LONDON,(Reuters) - British industrial output slowed further at the end of last year, hurt by maintenance work on North Sea oil and gas fields, adding to signs that Britain's economic recovery lost some pace as 2014 came to a close.
Industrial output fell by a monthly 0.2 percent in December, compared with economists' average forecast of a 0.1 percent rise, after no change in November, the Office for National Statistics said on Tuesday.
With Britons going to the polls in less than three months' time, the outlook for the economy is under close scrutiny by all political parties. Prime Minister David Cameron has said he wants Britain to be more export-oriented, but weakness in the euro zone has left it largely reliant on consumer demand.
For the fourth quarter as a whole, industrial output was up 0.1 percent, stronger than the 0.1 percent decline the ONS had pencilled into its preliminary estimate of fourth-quarter gross domestic product growth.
But the ONS said that the revision was not big enough to point towards an upward revision to GDP growth of 0.5 percent when a second estimate of fourth-quarter GDP is published on Feb. 26.
Britain's economy grew by 2.6 percent in 2014, the fastest growth rate of any big advanced economy, but lost pace towards the end of the year, including in the manufacturing sector which is exposed to weakening demand in the euro zone.
Since then, however, there have been signs that the fall in world oil prices has given a fresh boost to growth.
Earlier on Tuesday, an economic think tank said Britain's economy was on track for its strongest growth in nearly 10 years in 2015 as the oil price plunge put money in the pockets of the country's free-spending consumers.

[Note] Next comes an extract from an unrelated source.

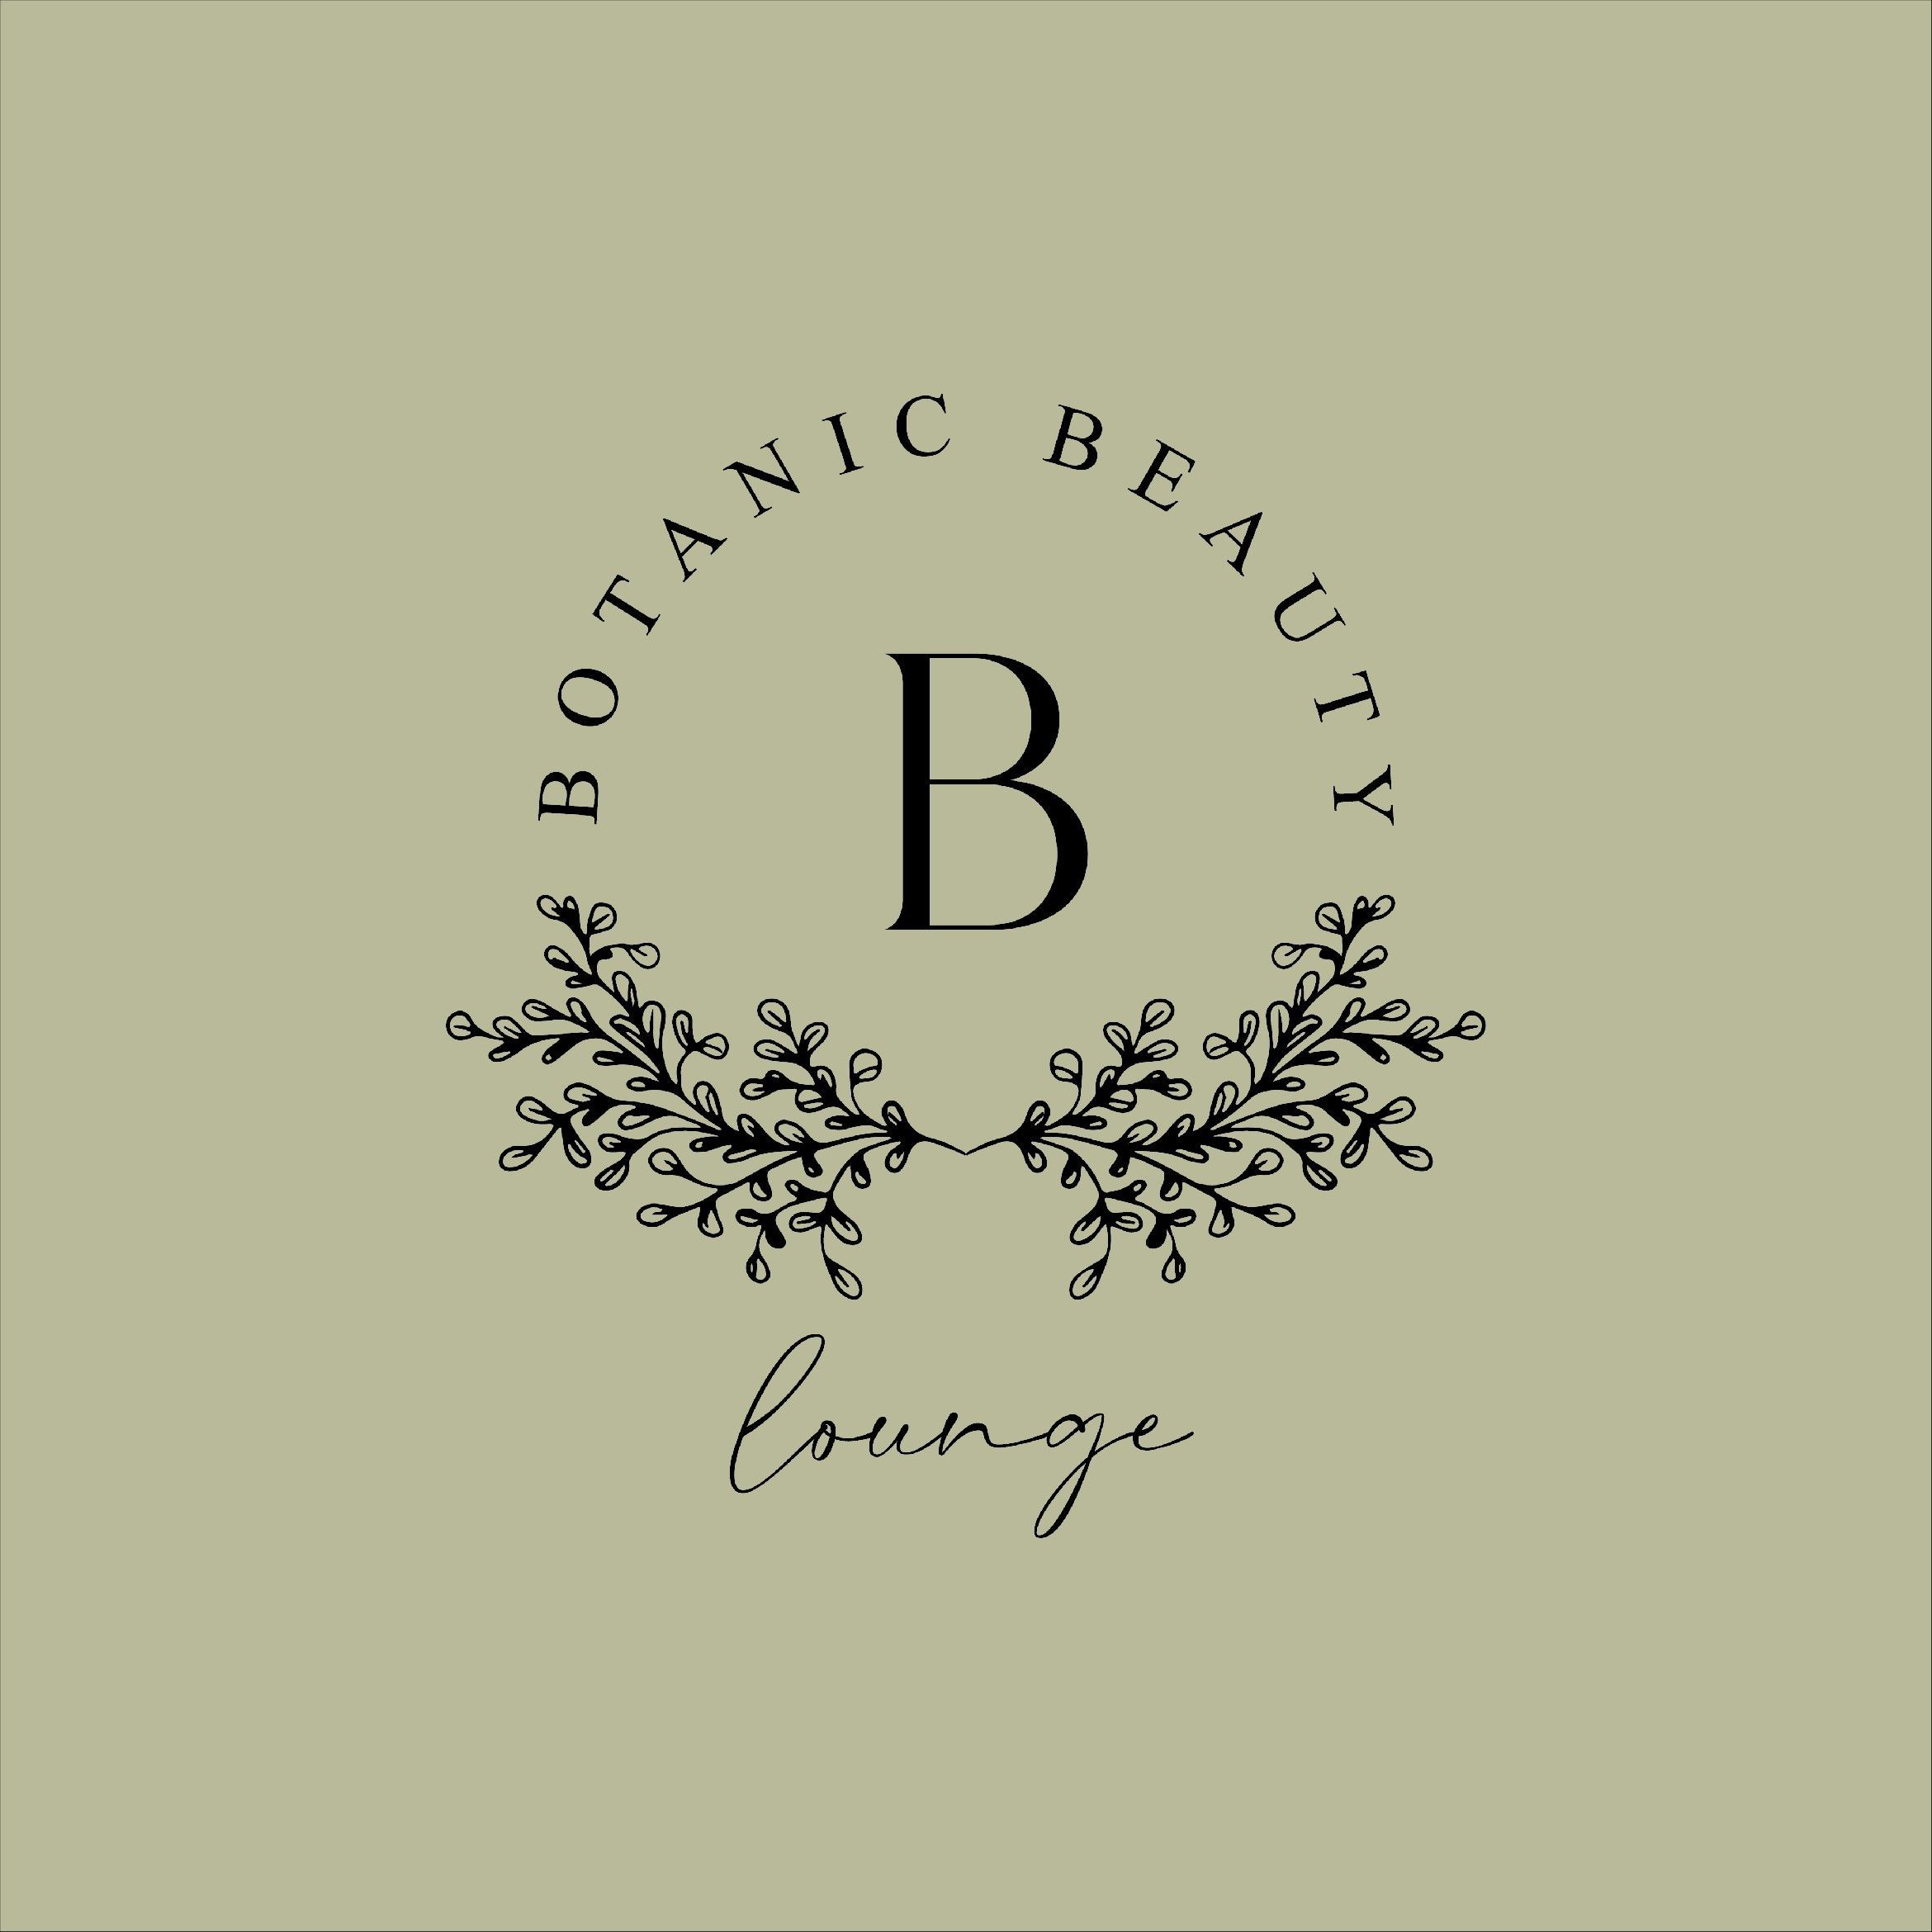 Botanic Beauty Lounge, 776 Manchester Road, OL11 3AW, Manchester

Tuesday's data showed manufacturing output rose 0.1 percent after robust growth of 0.8 percent on the month in November. Economists taking part in a Reuters poll had expected output to fall by 0.1 percent.
Compared with a year earlier, factory output was 2.4 percent higher, slowing slightly from an upwardly revised 3.0 percent in November, which was the strongest in three months.
Weak industrial output -- which was up just 0.5 percent on the year -- largely reflected falling North Sea oil output, due to extended maintenance needed on oil fields which are coming towards the end of their productive life.
Oil and gas extraction fell by 9.3 percent on the year, the biggest fall since August 2013. Some of December's weakness was due to extra maintenance in the Huntington field, which had been scheduled to be completed in November.
The ONS said lower oil prices had not yet had a clear impact on output, but that Britain's energy ministry was forecasting there could be an effect in the first three months of 2015.
Some economists say lower oil prices should be a boost to manufacturers, most of whom will enjoy lower raw material costs and stronger consumer demand.
A private-sector survey of factory purchasing managers showed that activity grew at its slowest pace in three months in December, before picking up pace in January.